The latest step in BeMA’s development has been to choose a design for the building, which will be located on Saint Joseph University property. After a competition that shortlisted 13 entries, French-Lebanese architect Hala Wardé and her company HW Architecture’s project was selected. The winning entry consists of a low space housing the main galleries, connected to a high tower. Curious to find out more about the future museum, Executive Life asked Wardé about the unique design and how it fits into the community.
E The design of the building includes a main section of galleries that is partially sunken and covered by a roof garden, connected to a 124-meter tower. Why did you choose to design a building that stands out so much in the city?
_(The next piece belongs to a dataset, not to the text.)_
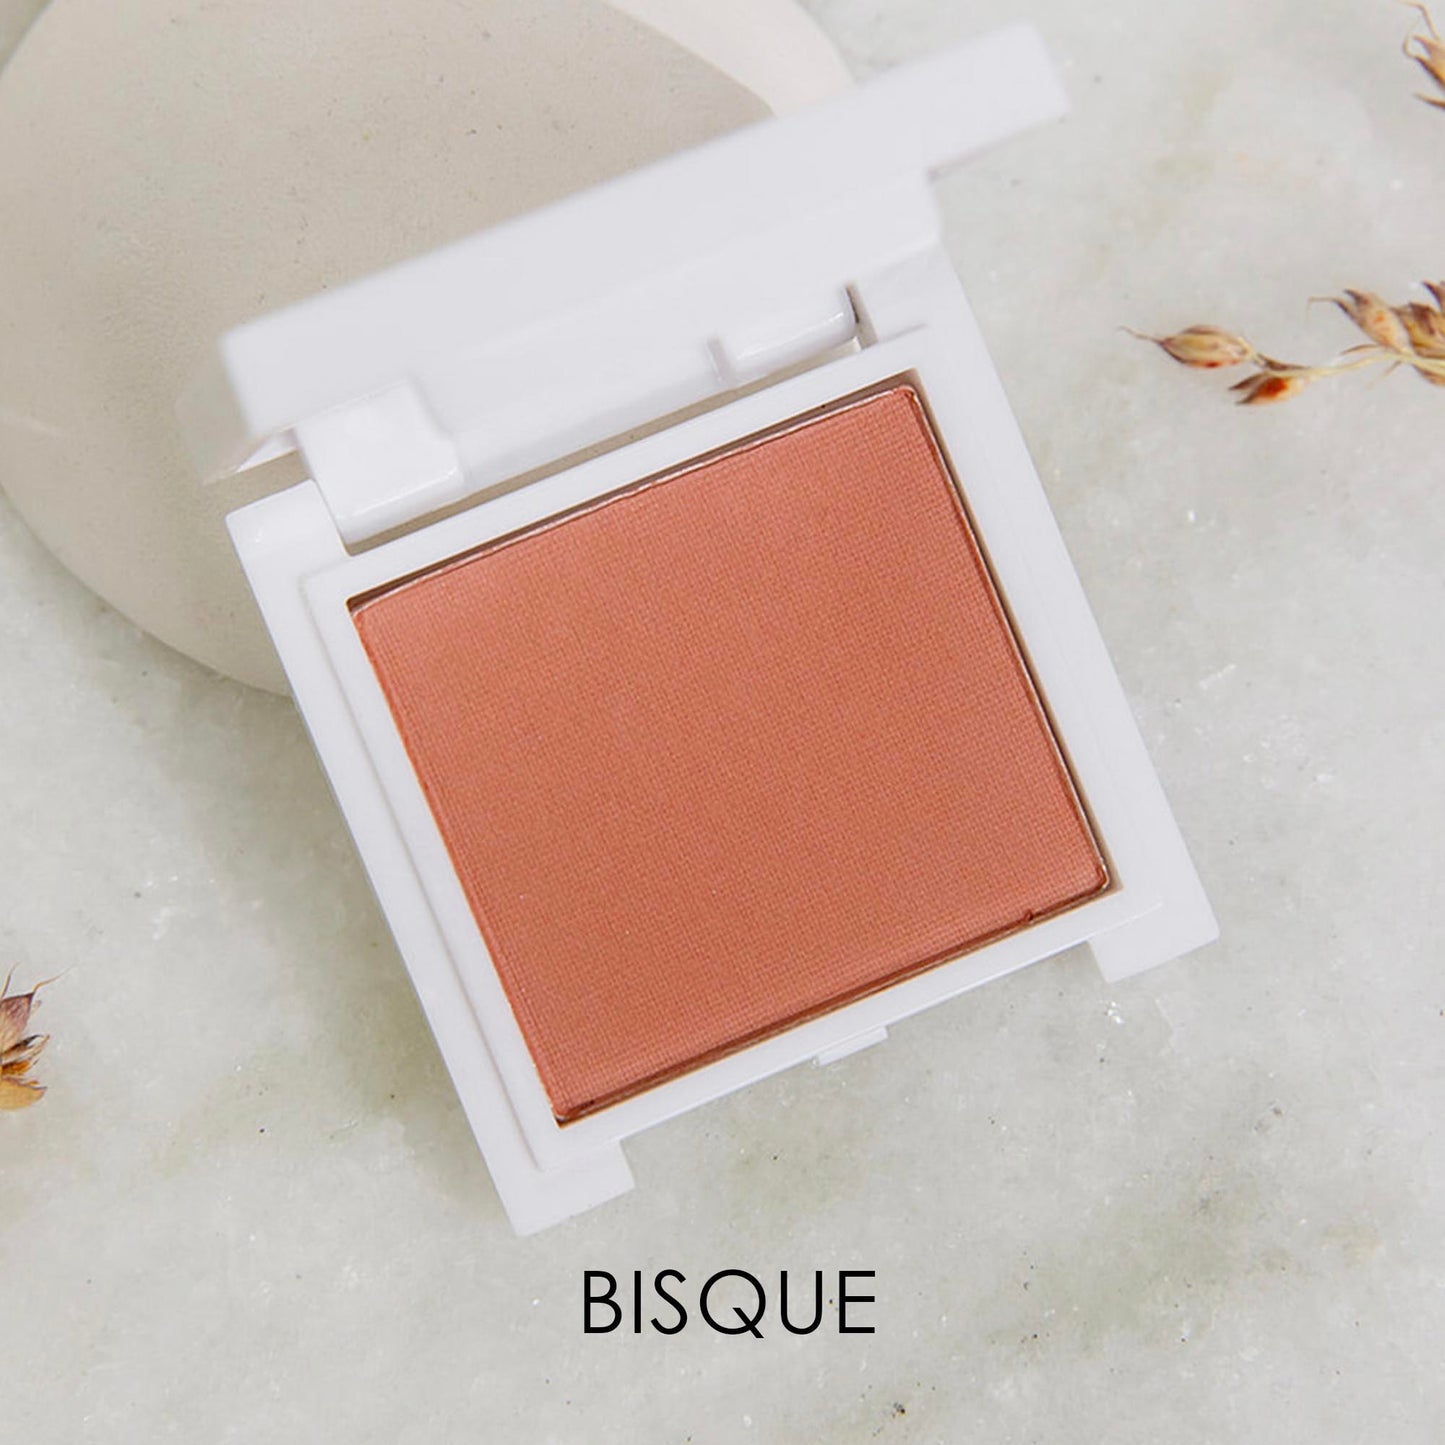 Aronia Berry + Blush - Soft Finish Blush

The museum program is housed in a low rise building of mineral bedrock, which develops around a well and a sunken garden. The Campanile [tower]is an essential vertical counterpoint that, through its presence, marks the cultural territory of the site. It becomes a landmark in the city, an urban and territorial signifier, a meeting and gathering point. In a way, it is the “other” lighthouse for Beirut, a terrestrial lighthouse in complementarity to the coastal one.
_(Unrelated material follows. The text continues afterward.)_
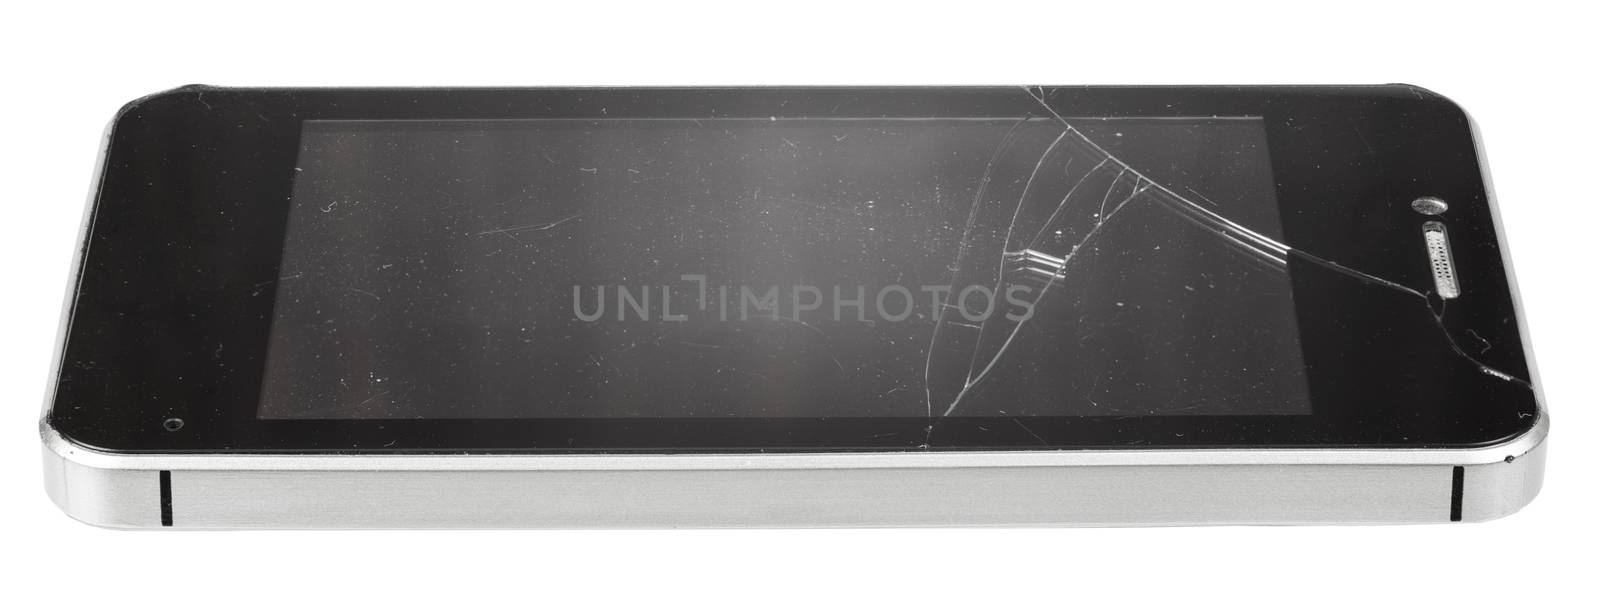 Broken smartphone by cherezoff

E How will the interior space be divided? And how does the design of the building complement the art that will be on view inside the museum?
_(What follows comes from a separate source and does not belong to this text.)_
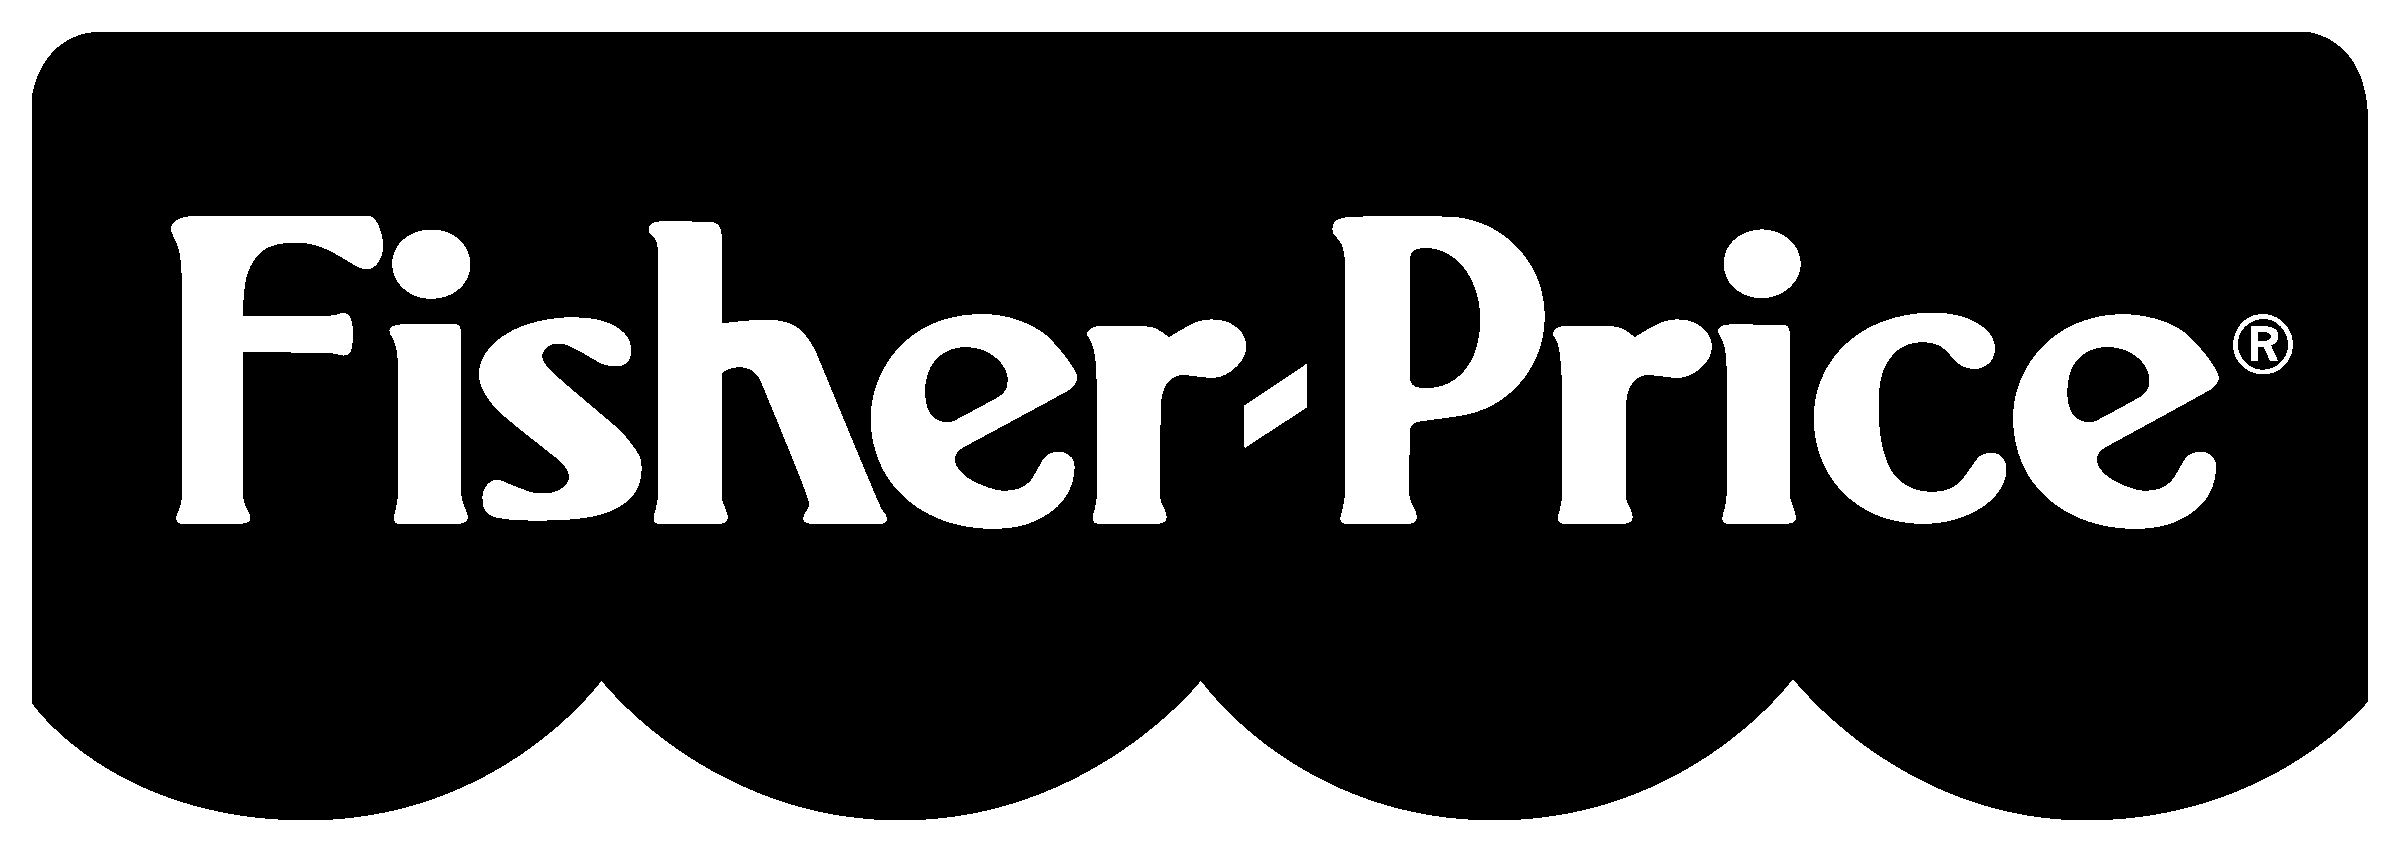 Fisher-Price Logo - Fisher Price Brand 1 Logo PNG Transparent & SVG Vector - Freebie Supply

We enter the museum through a grand lobby that develops over several levels, linking Damascus Road to the museum gardens below. The permanent exhibition space is situated above the lobby, and the temporary exhibition space below, on the garden level. Next to this, there is a performing arts space which will offer an important program complementing the exhibitions and which we propose to extend to the outside space with an amphitheater. The visitor can experience the different spaces via a ramp situated in the lower part of the Campanile that ties all the public spaces of the museum together, including the terrace and the garden.
E How does the design aid the idea of the museum being an inclusive space that is inviting to the community?
I was very keen to anchor this project into the city and its urban tissue, in relation to the existing cultural institutions around it, and make it a place that strongly belongs to Beirut’s identity; a place that is artistic, cultural and social at the same time. The garden that develops around the well is a strong component in this regard. It is inscribed into the continuity of the green band that begins with Horsh Beirut [down the street]and continues through the USJ campus. It adds a very important value to this site and its surroundings. It transforms the site into a territory of art, with the presence of water that will trace the route of the visitor from the mineral rock promenade on the terrace on Damascus Road to the lush vegetation below. This garden will become a meeting place, a place where people can spend time, visit the exhibitions and experience the artistic interventions that will take place in the Campanile.
E What are some elements of the design that particularly stand out?
After the garden, and in complement with the mineral bedrock, the Campanile is certainly the element that will stand out as an architectural expression of art. Beyond its various possibilities of use, it will become, through its multiple expressions, a tower of wind and water, a tower of light, a tower of knowledge, a tower of memory and a tower of music, by virtue of its façade, which is made like a musical score with enameled bricks taking on the changing reflections of the light and sky.